Allysa on Amazon wrote:

The author of this story is a hilarious fellow. I think I met Joey Pinkney during an author event on Facebook and seems to be one of the few who's constantly interacting with others. We're buddies on Instagram too; this is where I found Cardinal Rule. The short story is about a couple; a couple I thought were married until a particular conversation began.

I thought this story was very funny. It was real- I've heard many conversations that went along the lines of this story and it just felt real! Sadly, just when Teddy should have pushed, he let her get away! He tried to go way back first, and I understand, but then- BAM! No spoilers...

It's a story that ends almost as it begins, but it's worth letting the time pass to read it. I enjoyed it. It was a tidbit into getting to know Joey as an author and I will be purchase another book of his in the coming future for my #TBRList.
Time to grab another book!

Teresa D. Patterson on Amazon wrote:

It's was good to see Mr. Joey Pinkney, 'Your Favorite Book Reviewer's Favorite Book Reviewer,' and lover of chocolate, on the other end of the pen. Since I read his short story, "Like Father, Like Son" in The Soul of a Man anthology, I've been anticipating more works from him.
I enjoyed reading Cardinal Rule. The dialogue and interaction between the two characters was great. I actually didn't expect the ending.

Keep them coming, Joey! I enjoy reading your work.

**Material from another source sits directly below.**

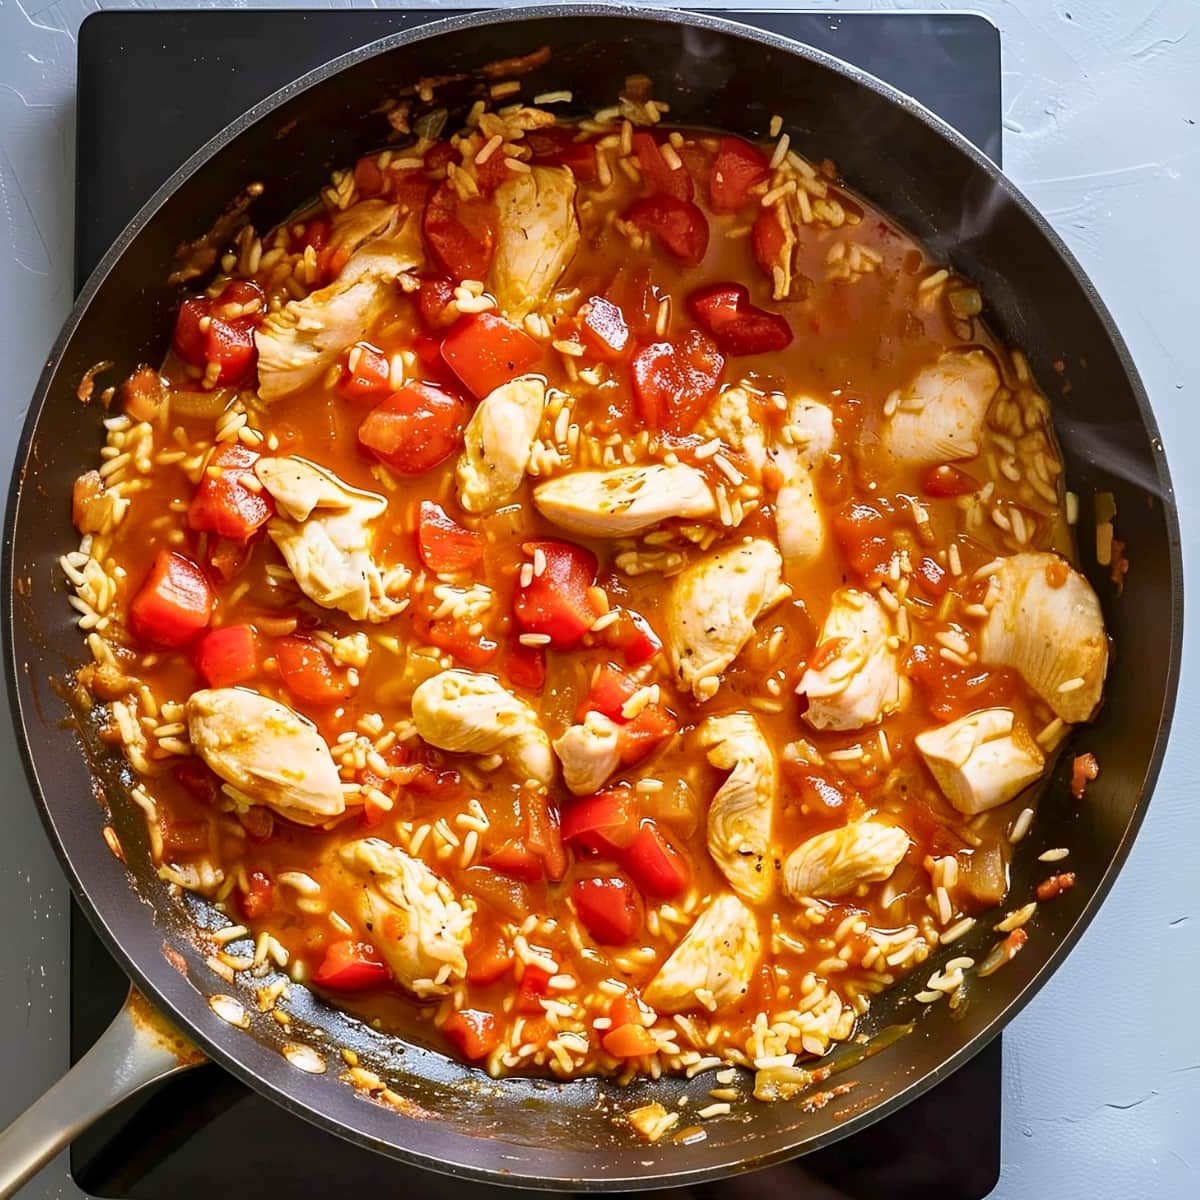 Top View of Chicken, Rice, and Tomatoes in a Skillet over a Hot Plate

Patricia Avant on Amazon wrote:

It is not often that I will get out of my bed, at 3:43 a.m., to write a review. But "Cardinal Rule," a short story by author Joey Pinkney, wrote its own review. I just typed it. A cardinal rule, is defined in the dictionary as “A fundamental rule, upon which other matters hinge." In this short story a man fails to acknowledge two such rules. 1. "Time waits on no man." 2. "He who hesitates is lost."

Because it is a short story, I will not give away anything more. Not even a name. And the names are very important in this story. Their names fit them so well, you can envision them in your mind’s eye. It was all I could do to keep from jumping to the end. And then the end broke my heart. There was this uncontrollable, nooooo.

I wanted to yell - COME BACK!!! But all that was left was a "Beep."

Kindle Customer on Amazon wrote:

Mr. Pinckney's writing reminds me of Raymond Carver the master of short story telling. A man who knew when to leave the literary building and call it quits, but I on the other hand am reminded of a coloric filled container of Ben&Jerry's. I close my eyes and savor each and every delectable mound, and before I know it I'm raking and scrapping at the bottom of the cardboard, longing for one last knowledgeable peek of voyuerism into the couple's on again/off again affair.

Earline Jones is her own woman, comfortable and confident in her own skin, perhaps a little bit too comfortable. Teddy and Earline play a verbal, sexual game of cat and mouse underneath a canopy of steamy, southern sun with a seductive bowl of strawberry ice cream that stands between their past and panting future. A frozen delight that does double duty, serving also as a romantic time clock. Mr. Pinkney did a helluva job giving us a good sense of time and place. I could just about feel the heat of the sweltering day, and the traffic bustling and buzzing. I see great things in this young and gifted writer's future. I anxiously await his next short story, or perhaps he'll be generous enough to honor his readers with a full blown novel.

Angelia Vernon Menchan on Amazon wrote:

Cardinal Rule is a short story about long time lovers, who meet for ice cream and milk shakes on their 20th anniversary. The story is short but languid and reveals quite a bit about the characters. I would have loved a bit more.

Dera R Williams on Amazon wrote:

Language use and timing are key to this short story. Theodore and Earline engage in a banter of love and war all too familiar to anyone who has dared to love hard.

Midnight Red on Amazon wrote:

The Cardinal Rule is a story about lovers, meeting up to share ice cream and celebrate their 20th anniversary. The story was very short yet the characters were developed. The information was included afterwards was indepth.